After reading it, it has become pretty clear to me that NPR consistently chooses to ignore accuracy and objectivity in its reporting on Middle East issues (I can't really speak on behalf of other world or domestic reporting, although I am fairly confident it takes a left-wing stance on its stories overall). Certain generalizations that are made are very unprofessional in my opinion, like in the case of Peter Kenyon saying that "most observers believe under international law all Israeli settlements in the occupied territories are illegal." And the makers of Outfoxxed, a left-wing documentary that bashes Fox News, have the nerve to criticize right-wing generalizations in reporting. Don't get me wrong, I don't like Fox News either. In fact, I probably rely on more traditionally liberal media sources like The New York Times for news, but I think it is very important for ordinary citizens to realize when an outlet is compromising accuracy for bias.

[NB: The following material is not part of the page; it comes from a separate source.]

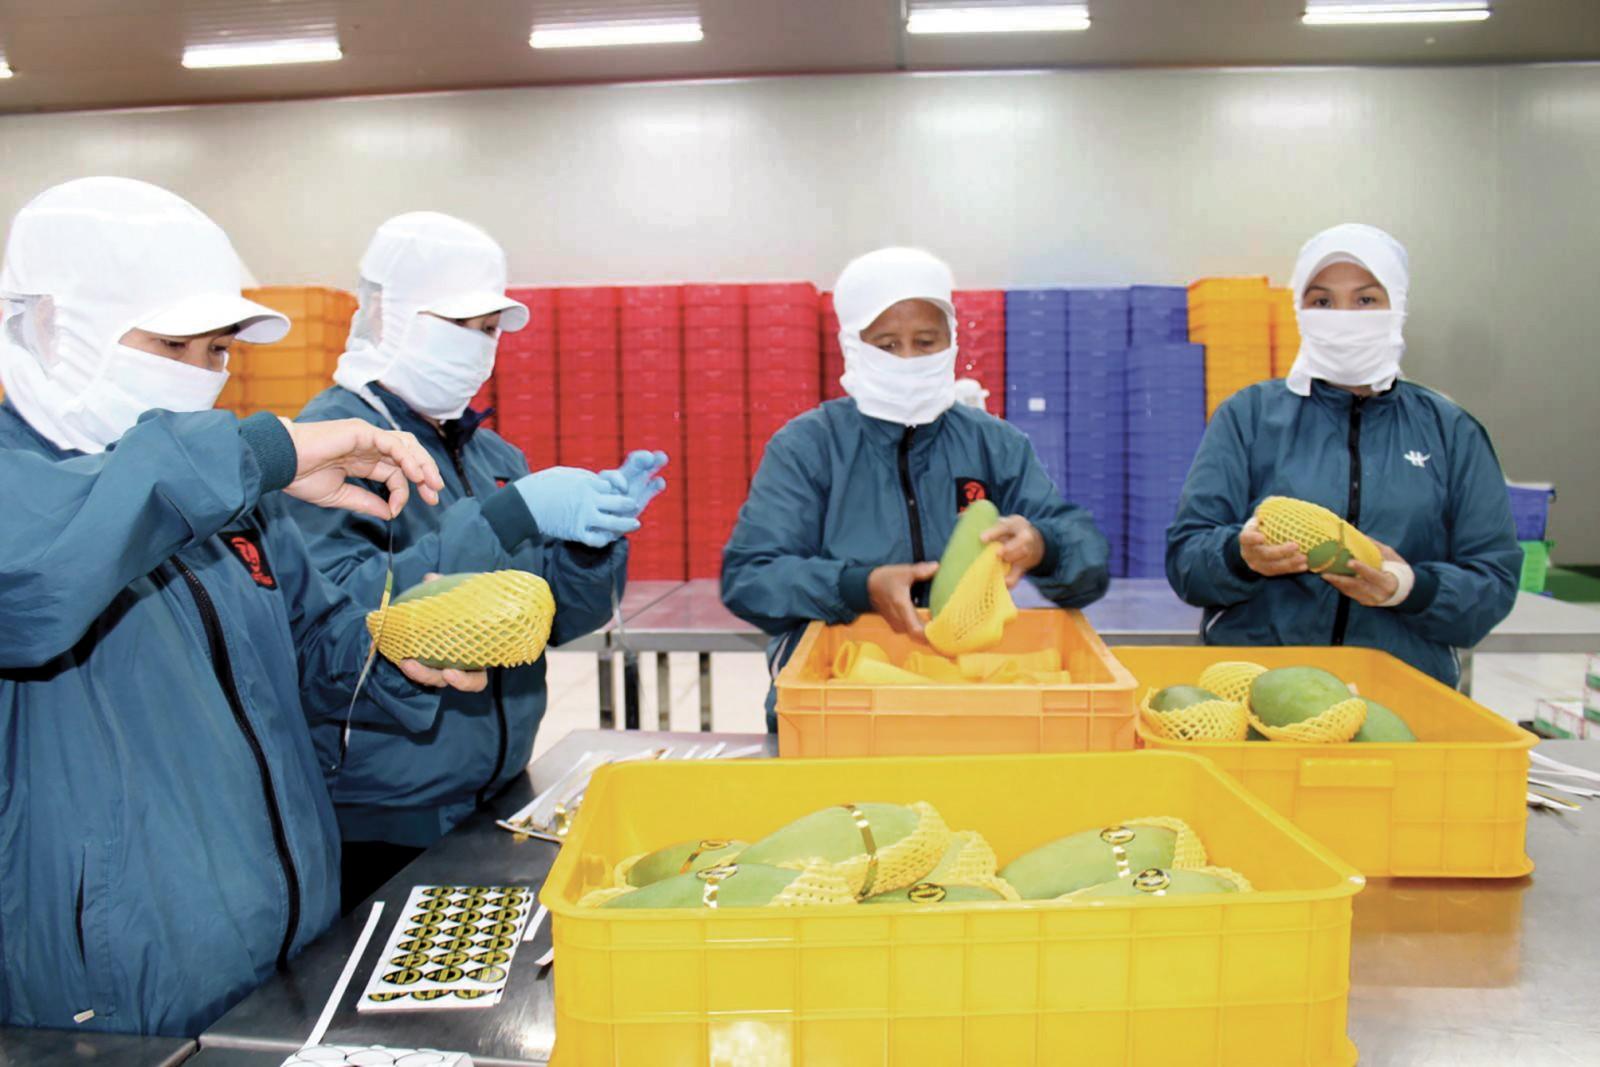 Nhân công đóng gói xoài xuất khẩu tại một doanh nghiệp. Ảnh: T.C

NPR has a duty to its listeners to provide objective news. Its own website spells out how it is funded by a combination of public donations (86%) and assistance from The Corporation for Public Broadcasting (14%), which is kept afloat by Congress. No matter how one slices it, a portion of American taxpayer money is being allotted to this station, and accordingly it should work a little harder to improve the quality of its reporting. How is it that an Arab journalist from Lebanon's Daily Star can get on NPR and say such things like Hizbullah is a "very impressive, legitimate, even heroic resistance movement," and that it is not a "big threat to Israel"? At least get an opposing viewpoint and let the audience make up its mind. But to consistently invite these types of people while excluding others is just plain sloppy.